Glencore plc will undertake a further share buy-back programme to acquire shares of an aggregate value of up to US$1 billion. The shares will be repurchased on the LSE, BATS, Chi-X and Aquis exchanges and is expected to be completed in February 2026. This week 5,400,000 shares were repurchased at an average price of £3.11 per share for an aggregate £13,98 million.

Hammerson plc continued with its programme to purchase its ordinary shares up to a maximum consideration of £140 million. The sole purpose of the buyback programme is to reduce the company’s share capital. This week the company repurchased 199,917 shares at an average price per share of 289 pence for an aggregate £579,430.

In May 2025, British American Tobacco plc extended its share buyback programme by a further £200 million, taking the total amount to be repurchased by 31 December 2025 to £1,1 billion. The extended programme is to be funded using the net proceeds of the block trade of shares in ITC to institutional investors. This week the company repurchased a further 488,397 shares at an average price of £37.77 per share for an aggregate £18,47 million.

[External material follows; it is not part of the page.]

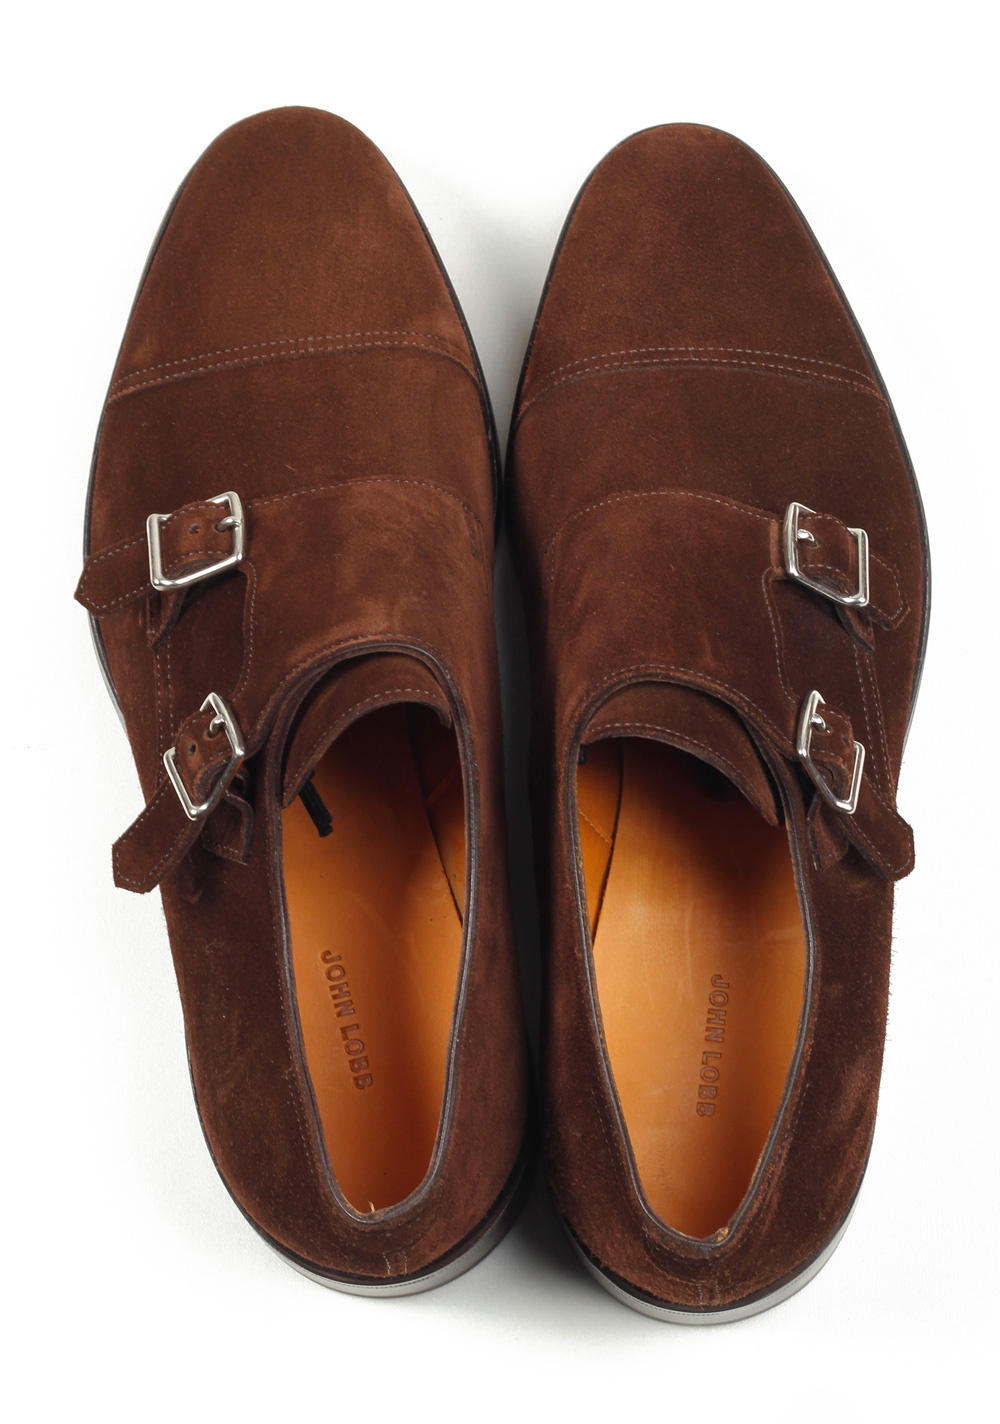 John Lobb William Brown Double Monk Strap Shoes Size 7,5 UK / 8,5 U.S ...

During the period 7 to 11 July 2025, Prosus repurchased a further 1,882,892 Prosus shares for an aggregate €89,86 million and Naspers, a further 144,996 Naspers shares for a total consideration of R796,34 million.

Two companies issued profit warnings this week: ArcelorMittal South Africa and Mpact.

During the week three companies issued or withdrew cautionary notices: Conduit Capital, Labat Africa and Acsion.